=== Section Start ===

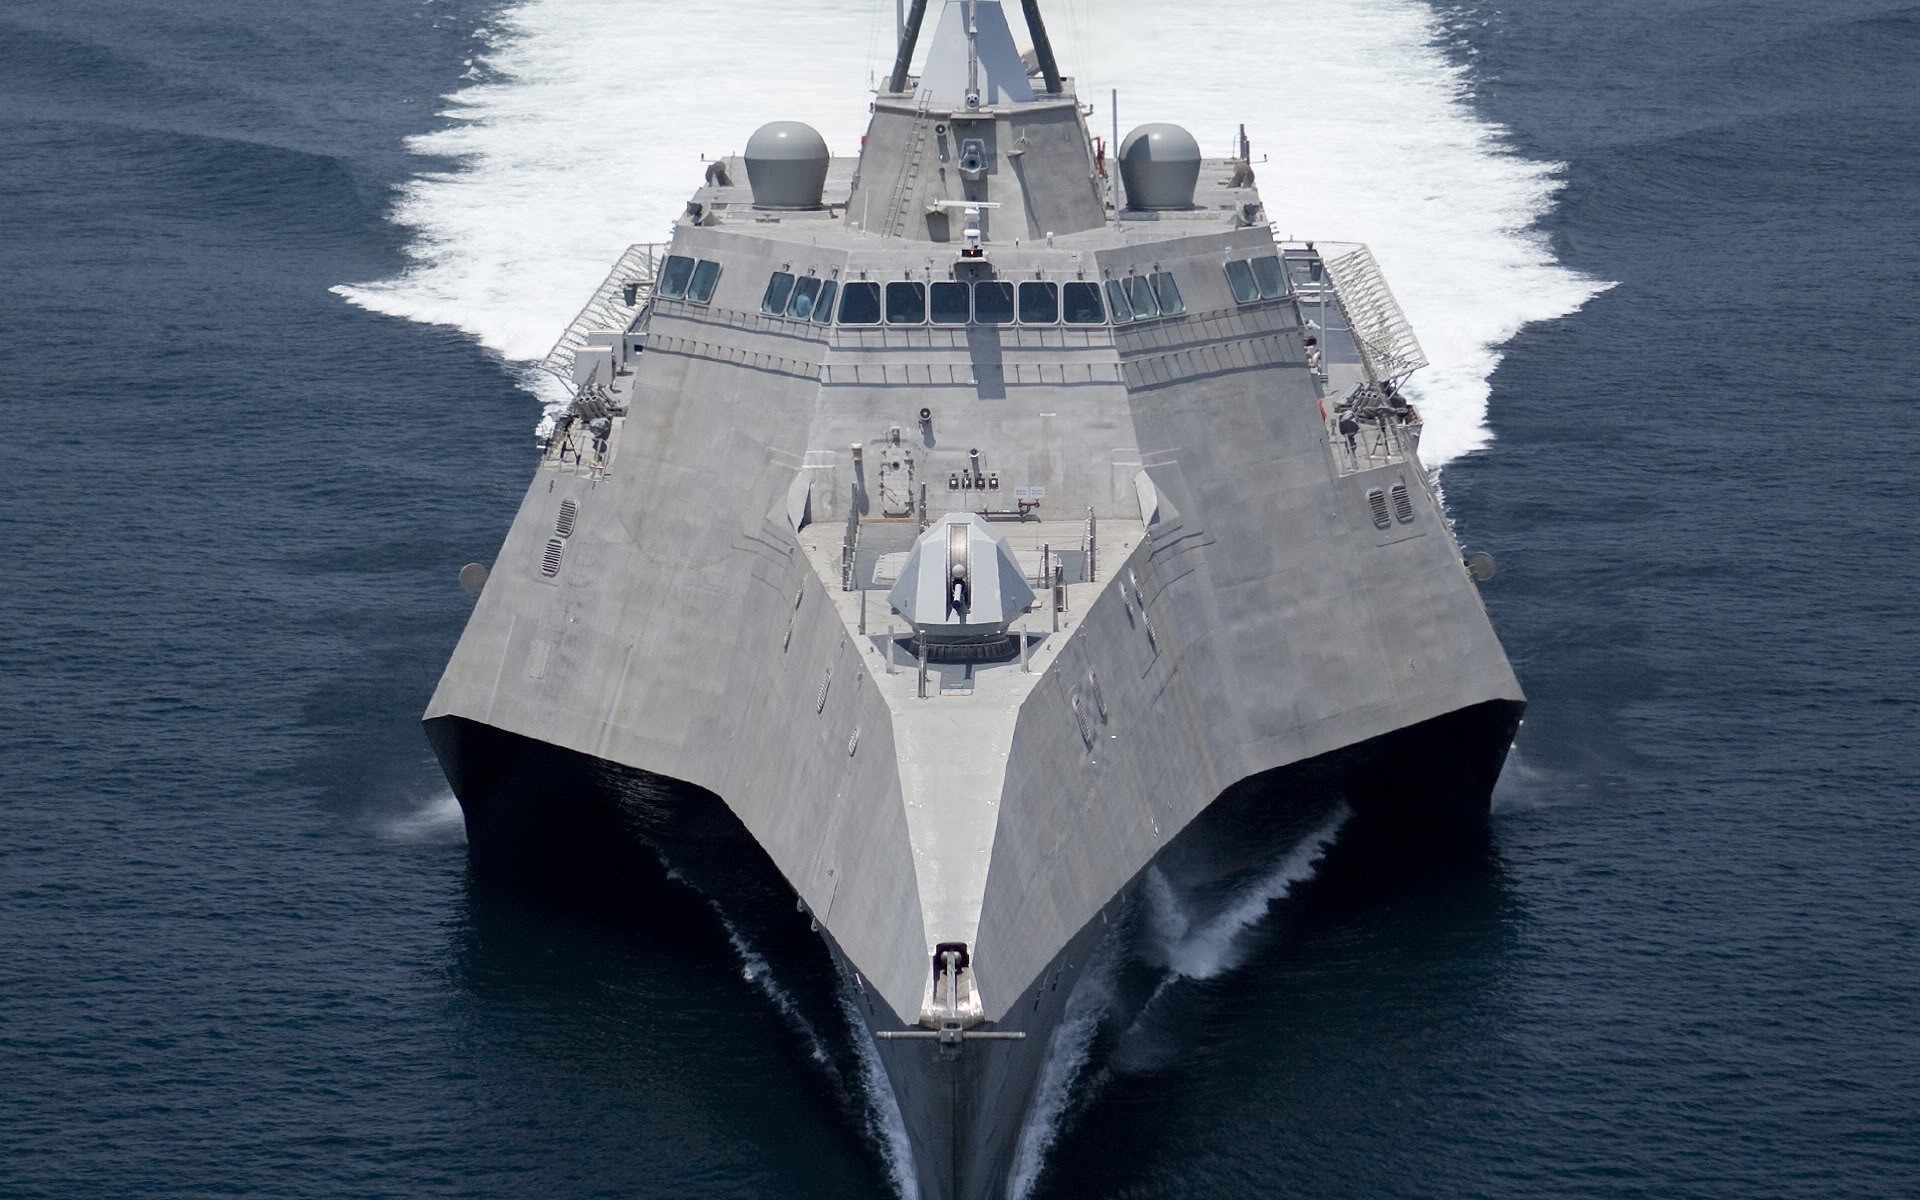 General 1920x1200 ship USS Independence (LCS-2) military United States Navy Destroyer warship vehicle military vehicle
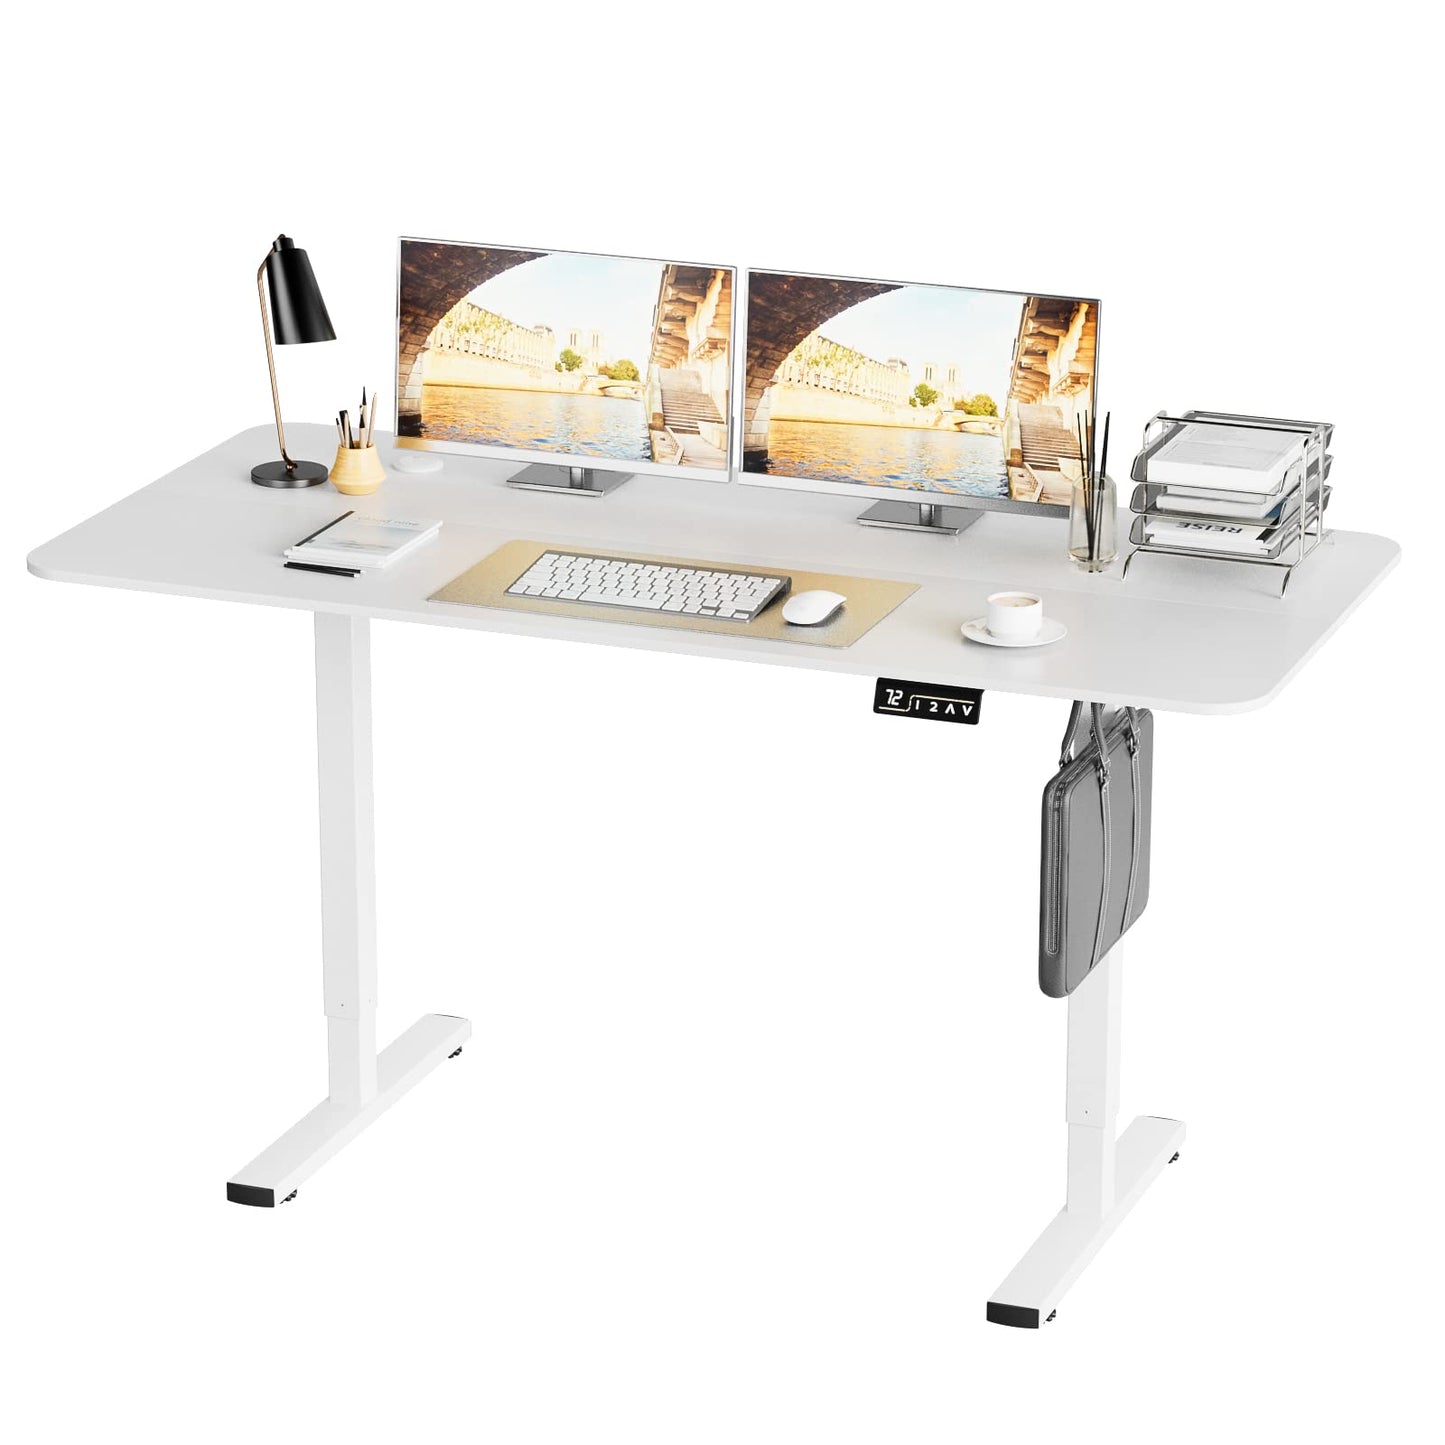 Furniwell Electric Height Adjustable Standing Desk Large Sit Stand up Desk Home Office Computer Desk 55 x 24 Inches Lift Table with T-Shaped Metal
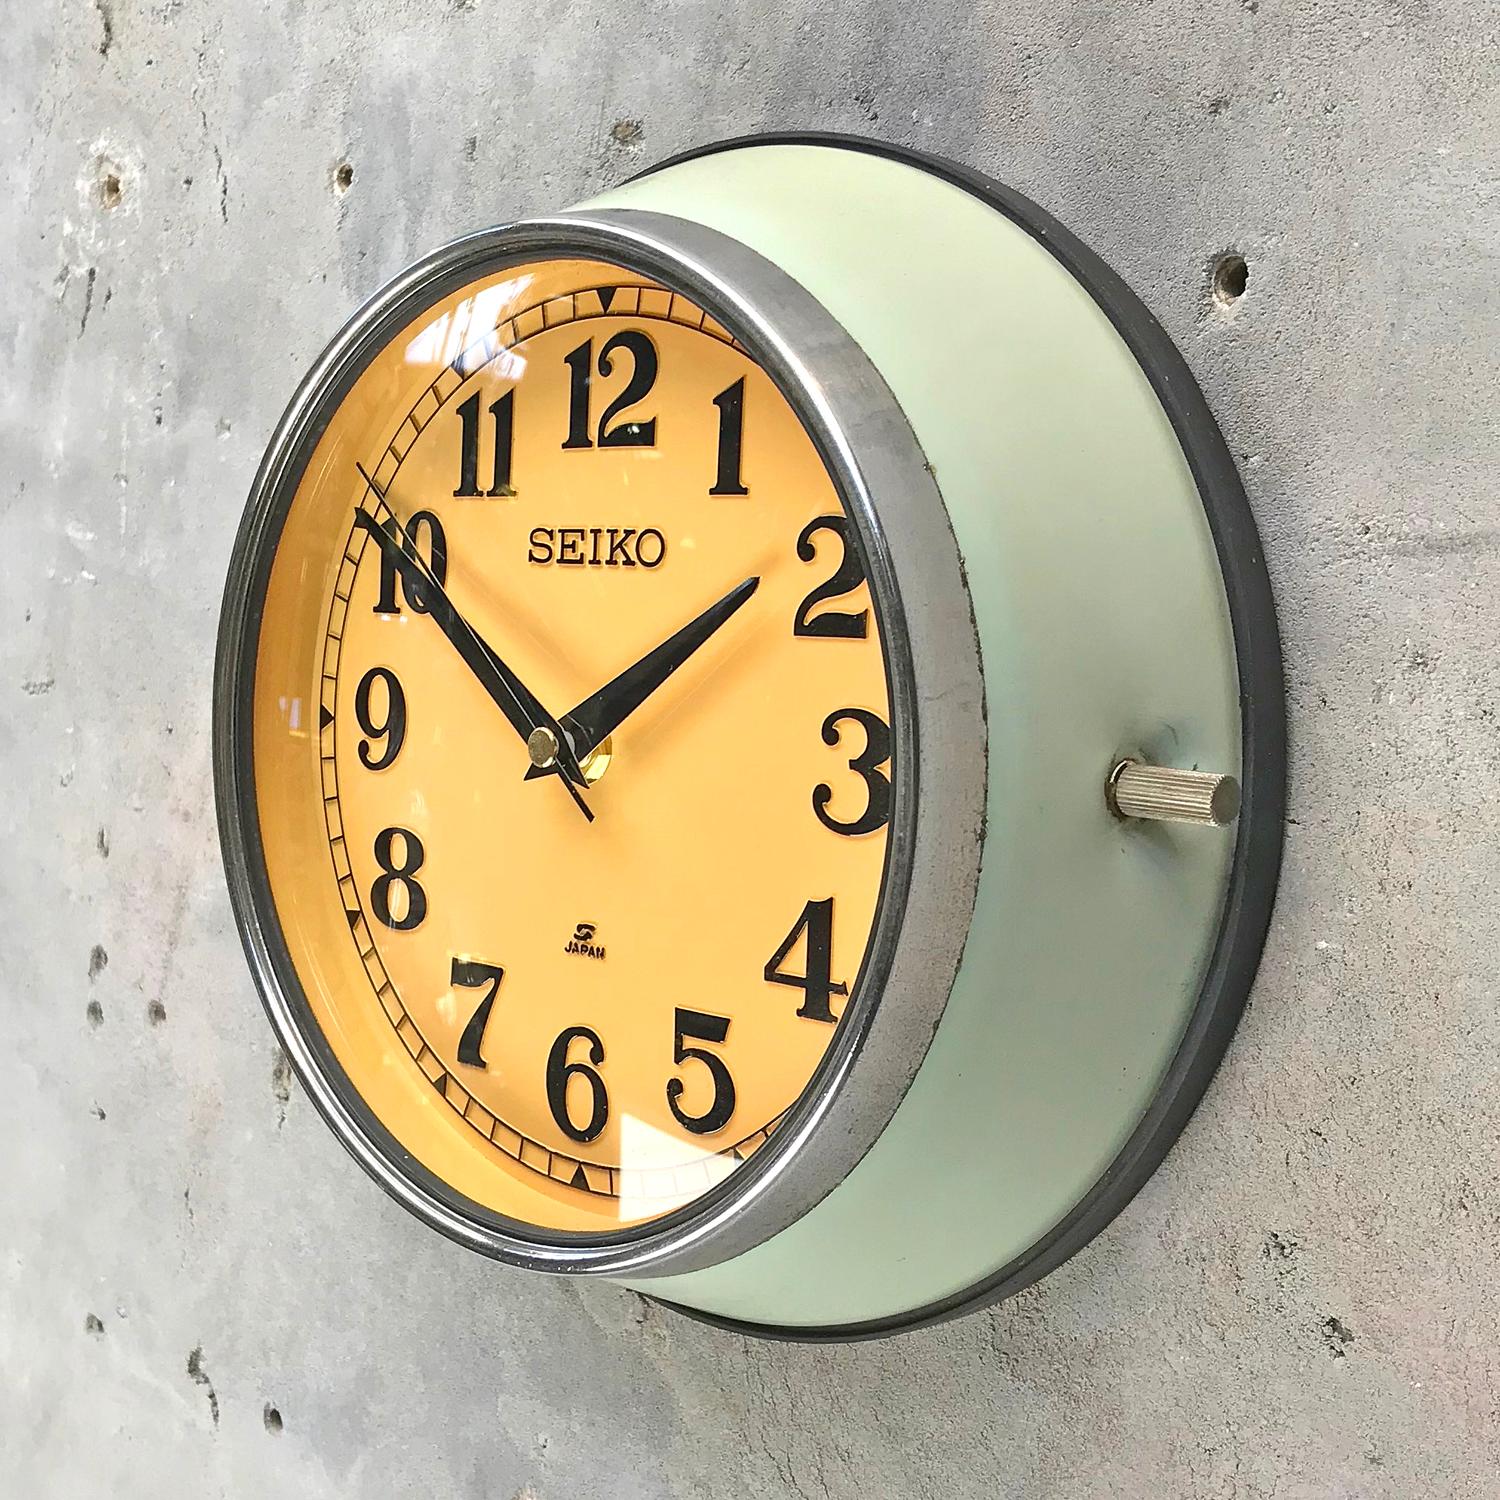 Seiko supertanker slave clock. 

A reclaimed and restored marine slave clock.

These clocks were used in great number on large sea going vessels built during the 1970s and housed a movement that would be controlled by a master clock.

We have
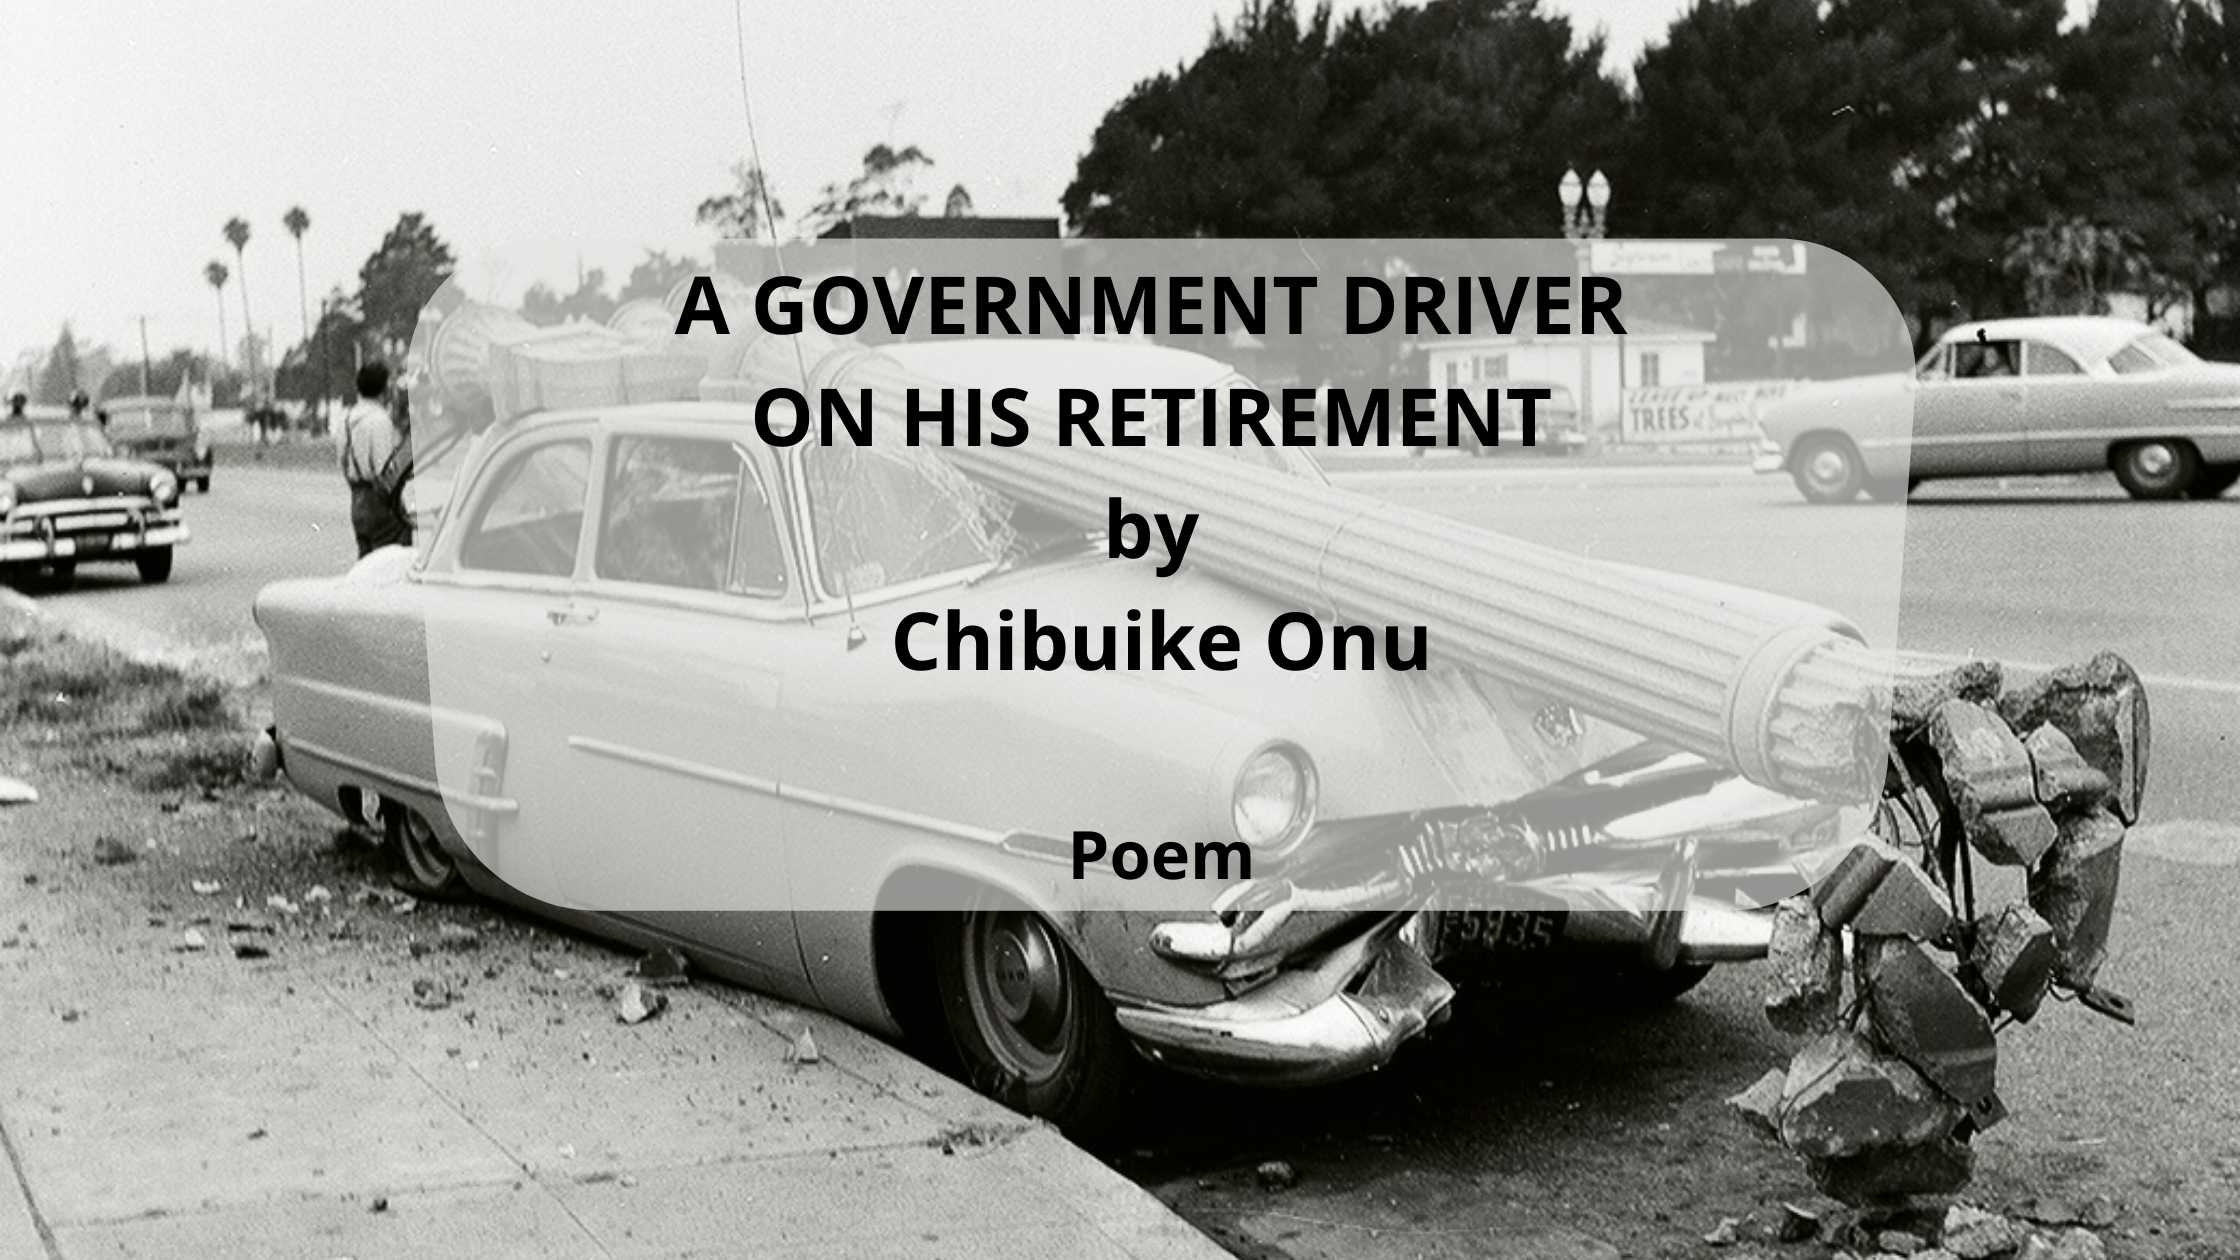 A GOVERNMENT DRIVER ON HIS RETIREMENT by Chibuike Onu Poem

=== Section End ===

- _The problem_:
Each line of the listing must be restated word for word, and the pictures left out.

- _Exercise output_:
 General 1920x1200 ship USS Independence (LCS-2) military United States Navy Destroyer warship vehicle military vehicle
 Furniwell Electric Height Adjustable Standing Desk Large Sit Stand up Desk Home Office Computer Desk 55 x 24 Inches Lift Table with T-Shaped Metal
 Seiko supertanker slave clock. 

A reclaimed and restored marine slave clock.

These clocks were used in great number on large sea going vessels built during the 1970s and housed a movement that would be controlled by a master clock.

We have
 A GOVERNMENT DRIVER ON HIS RETIREMENT by Chibuike Onu Poem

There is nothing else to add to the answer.